2024. 7. 16. 00:42ㆍComputerScience/ProcessingInMemory

PrIM Benchmarks
Vertor Addition Code Reivew

https://github.com/SohyeonKim-dev/prim-benchmarks

GitHub - SohyeonKim-dev/prim-benchmarks: PrIM (Processing-In-Memory benchmarks) is the first benchmark suite for a real-world pr

PrIM (Processing-In-Memory benchmarks) is the first benchmark suite for a real-world processing-in-memory (PIM) architecture.
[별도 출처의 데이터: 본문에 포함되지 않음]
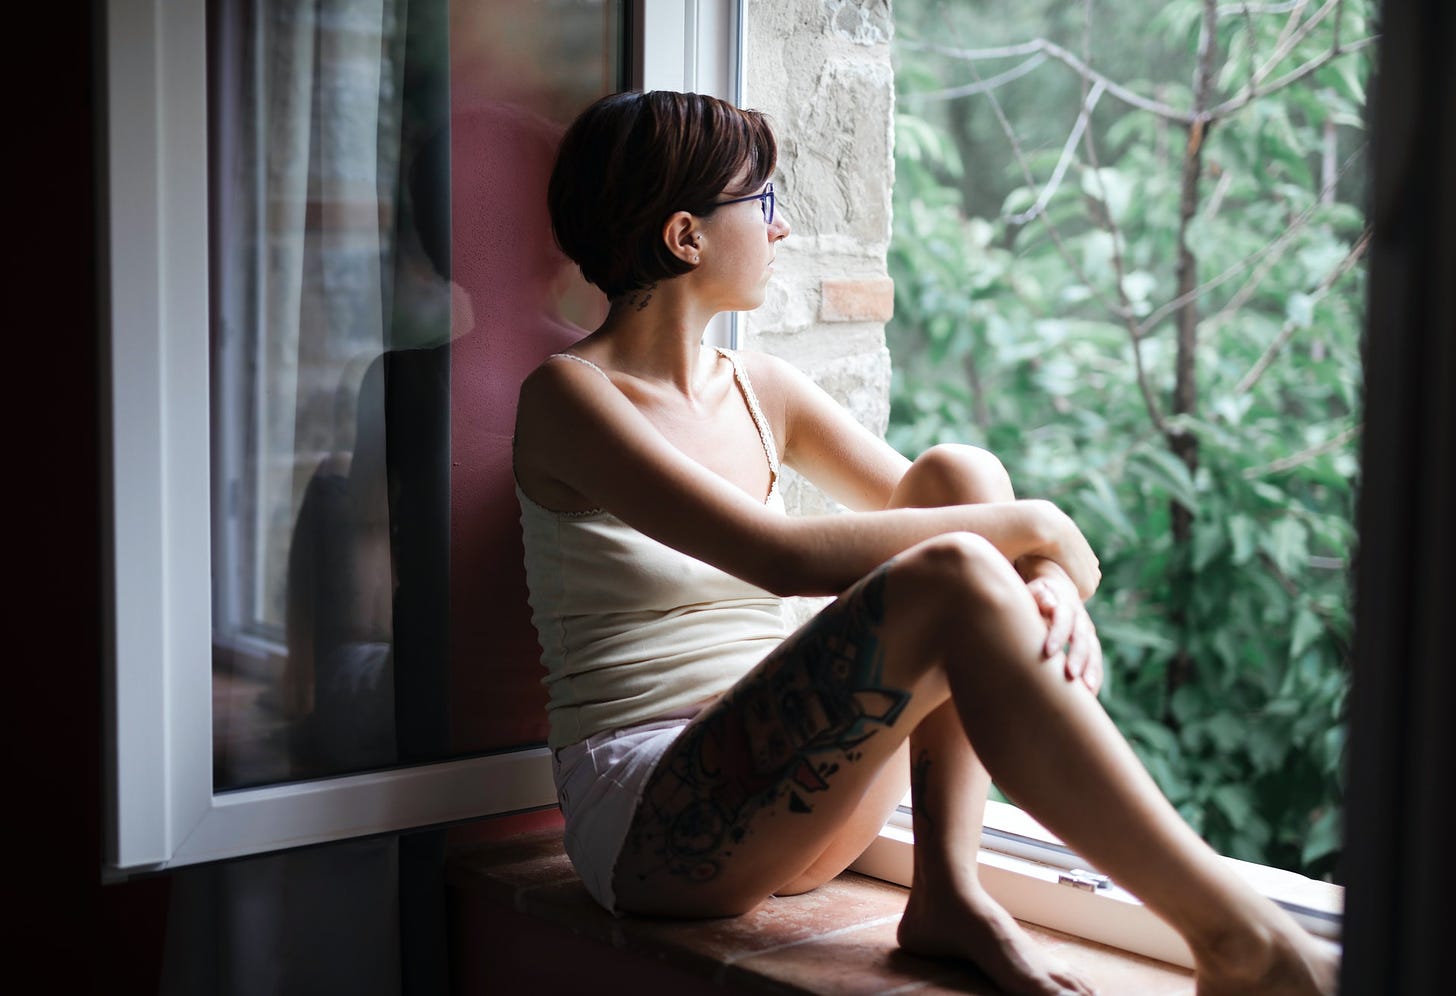 Woman in white tank sitting on window pane

PrIM is developed to evaluate, analyze, and characterize the first publ...

github.com

# Makefile

DPU_DIR := dpu
HOST_DIR := host
BUILDDIR ?= bin
NR_TASKLETS ?= 16
BL ?= 10
NR_DPUS ?= 1
TYPE ?= INT32
ENERGY ?= 0

define conf_filename
	${BUILDDIR}/.NR_DPUS_$(1)_NR_TASKLETS_$(2)_BL_$(3)_TYPE_$(4).conf
endef
CONF := $(call conf_filename,${NR_DPUS},${NR_TASKLETS},${BL},${TYPE})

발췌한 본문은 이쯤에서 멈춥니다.